Assignment: Below are entries. Give back exactly the lines from the one containing "Samsung SCC-B5345, SCC-B5344" through the one containing "Simone Antwi (16)", inclusive, without the pictures.

*** Block opens ***

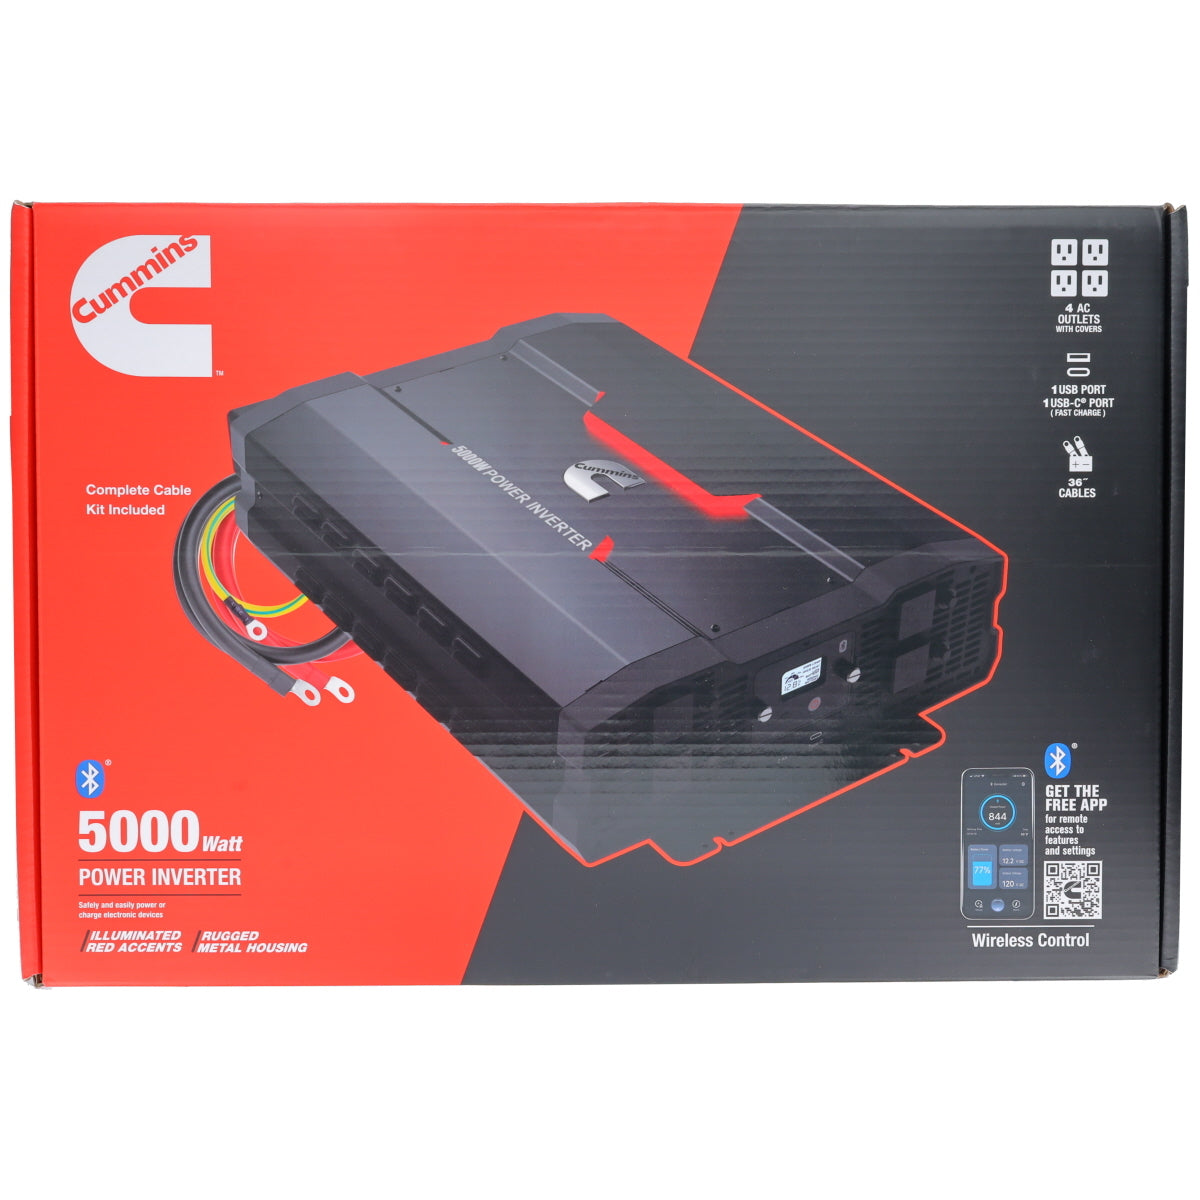 Cummins 5000 Watt Power Inverter Modified Sine Wave Truck Inverter 12V to 110 Volts Four AC Outlets Two USB Ports (Full Cable Kit Included) CMN5000W
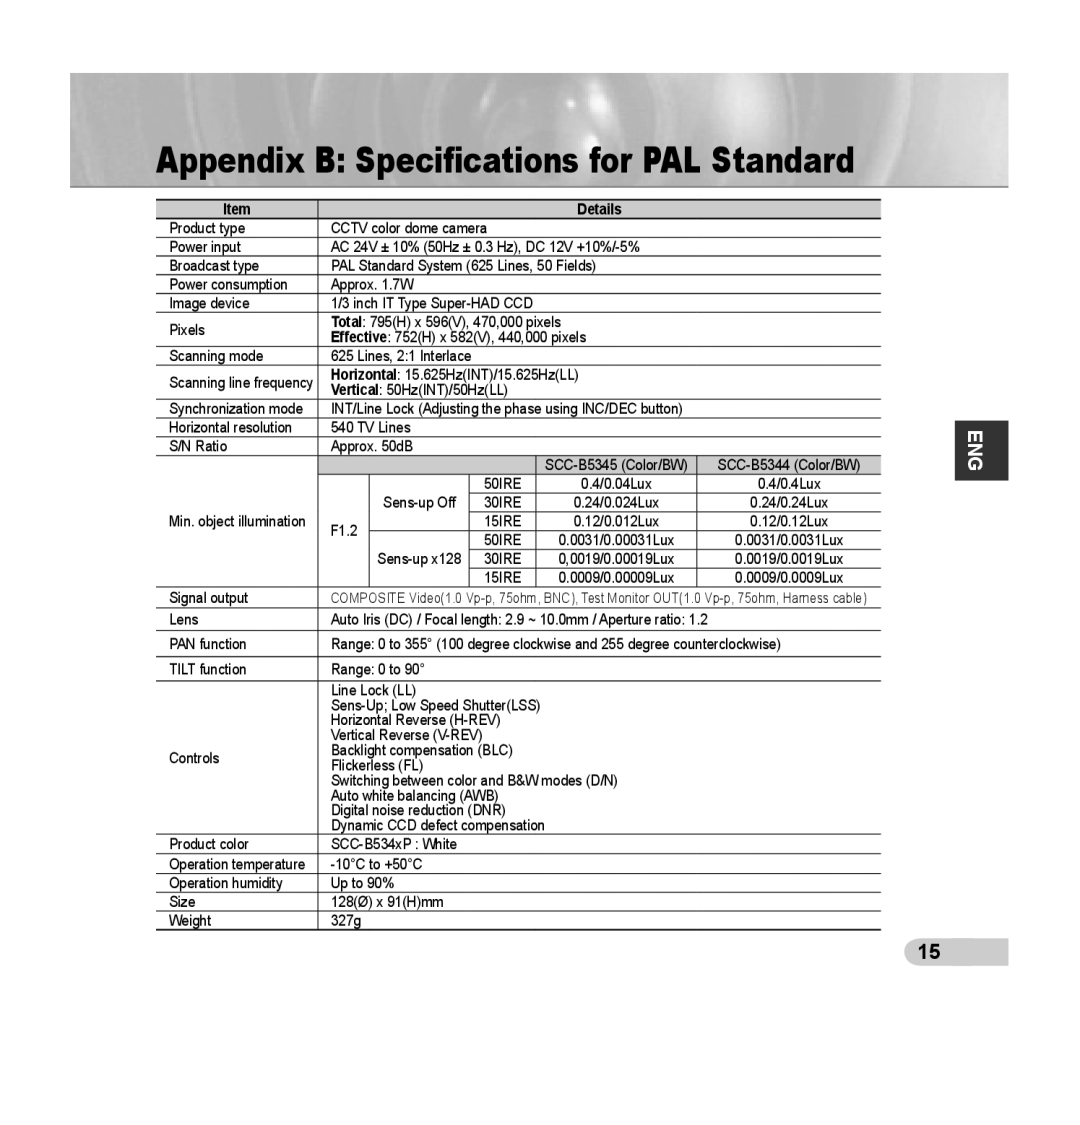 Samsung SCC-B5345, SCC-B5344 operating instructions Appendix B Specifications for PAL Standard, Details 
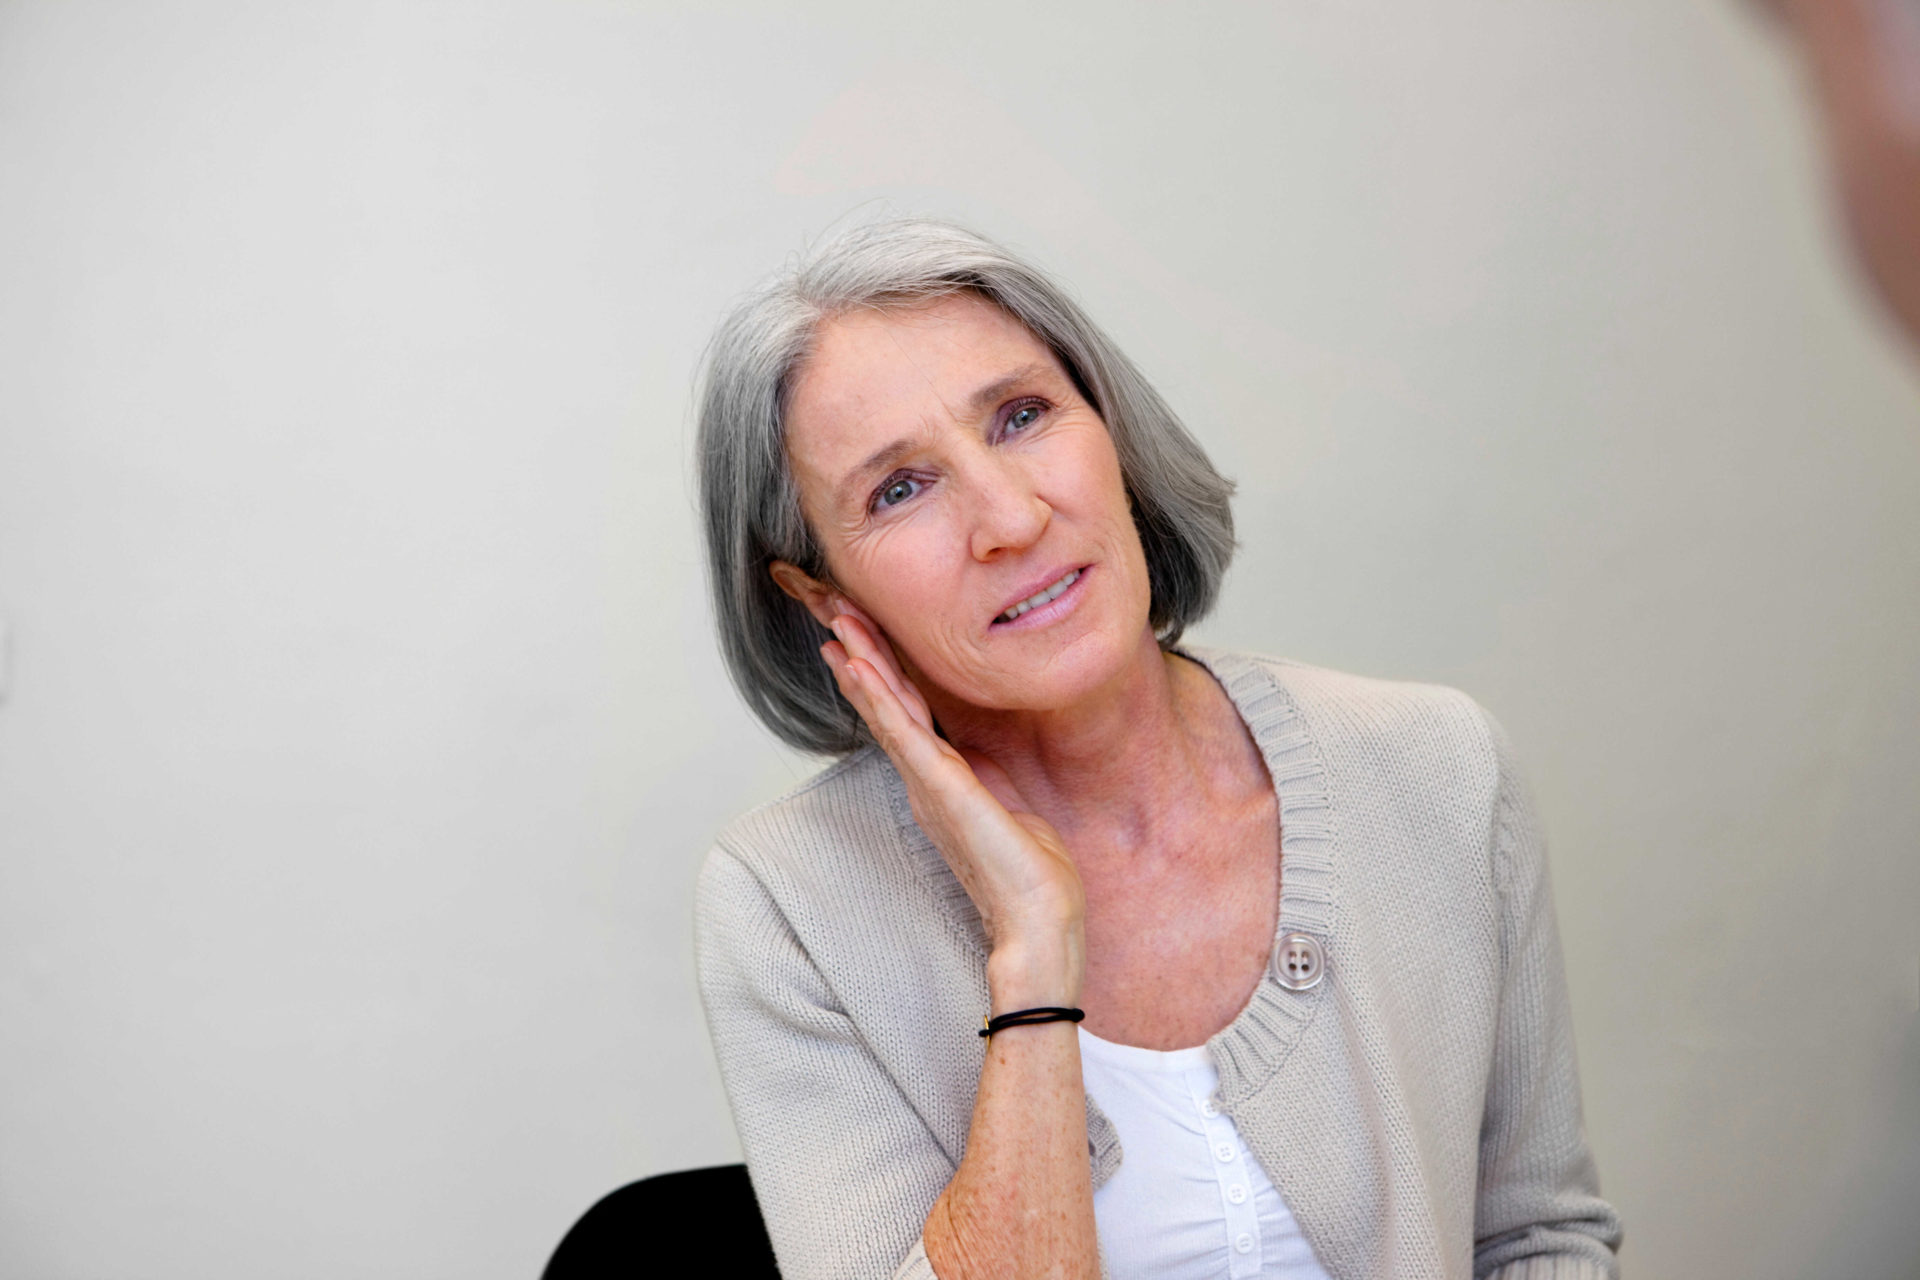 woman struggling to listen through one of her ears 
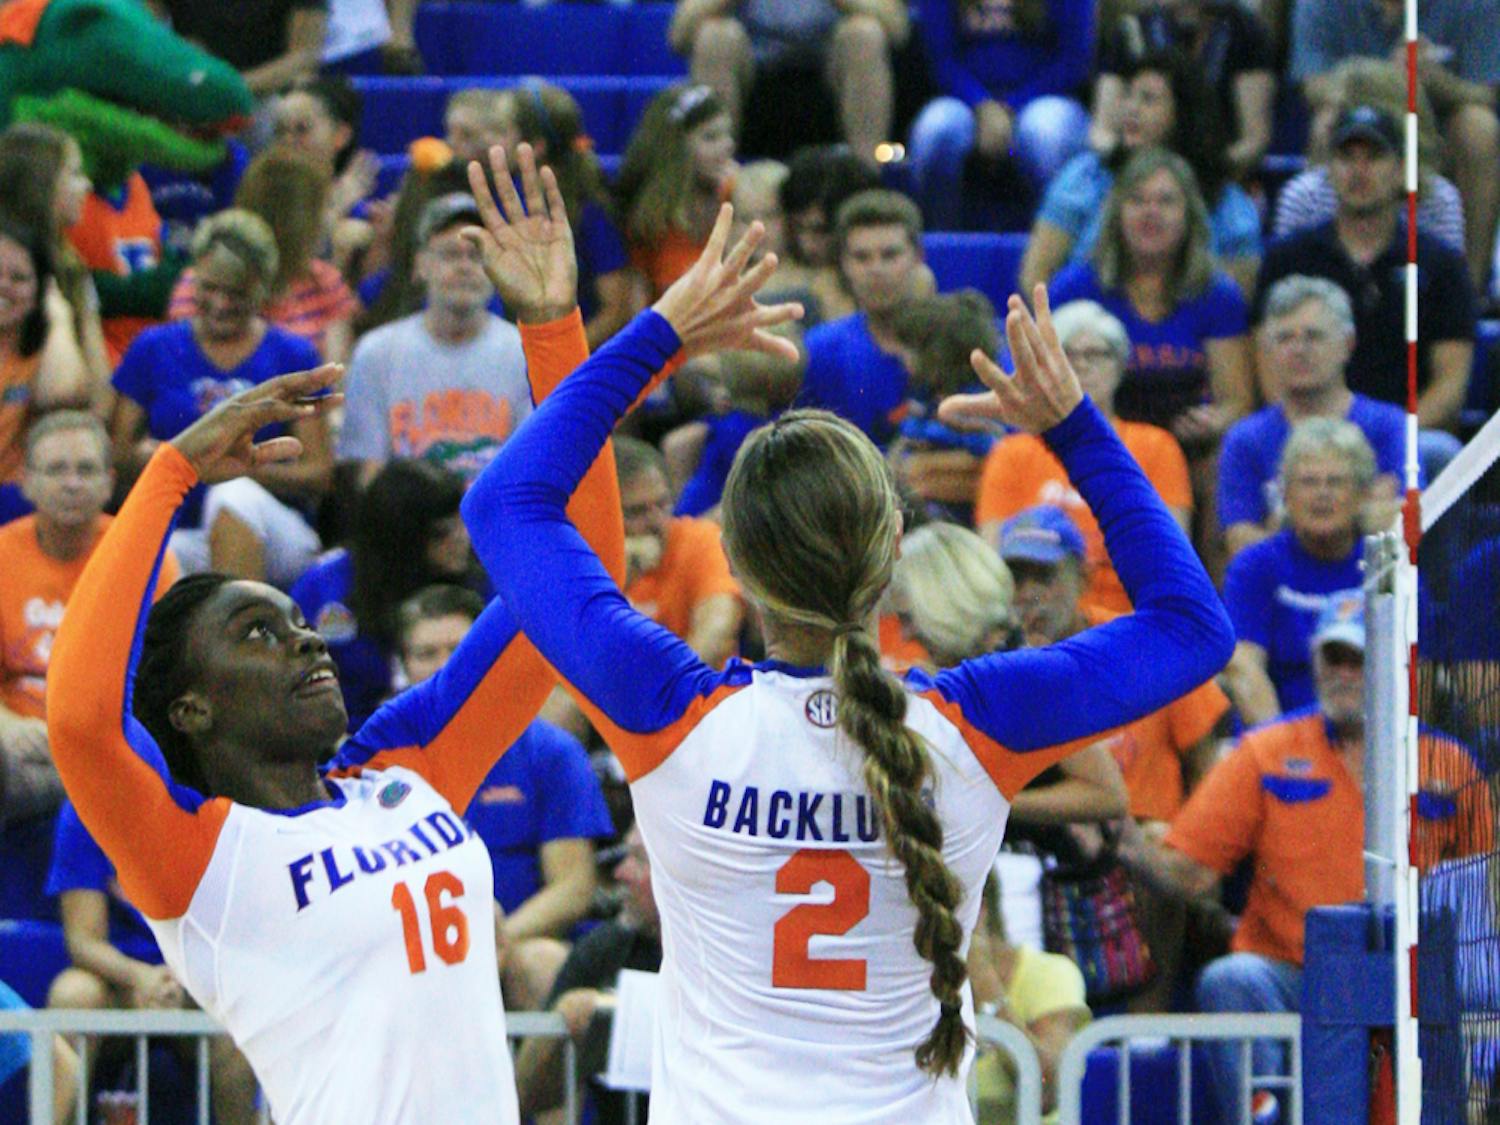 Simone Antwi (16) receives a pass from Dana Backlund (2) during UF’s 3-0 win against Jacksonville on Sept. 7, 2012, in the Stephen C. O'Connell Center. 
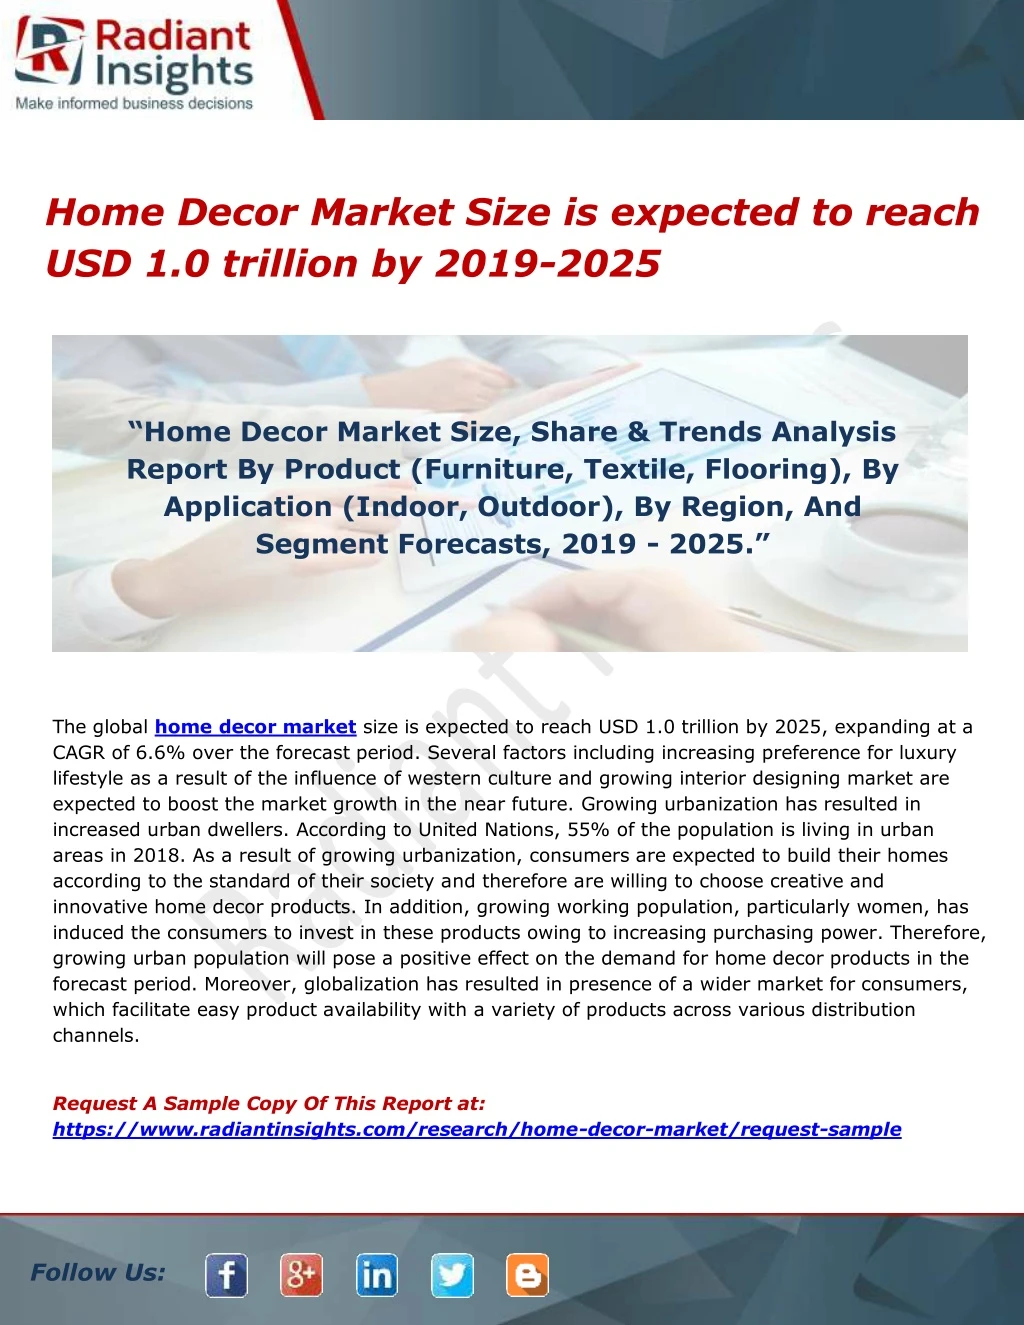 home decor market size is expected to reach

*** Block closes ***

Result for this exercise:
 Samsung SCC-B5345, SCC-B5344 operating instructions Appendix B Specifications for PAL Standard, Details 
 woman struggling to listen through one of her ears 
 Simone Antwi (16) receives a pass from Dana Backlund (2) during UF’s 3-0 win against Jacksonville on Sept. 7, 2012, in the Stephen C. O'Connell Center. 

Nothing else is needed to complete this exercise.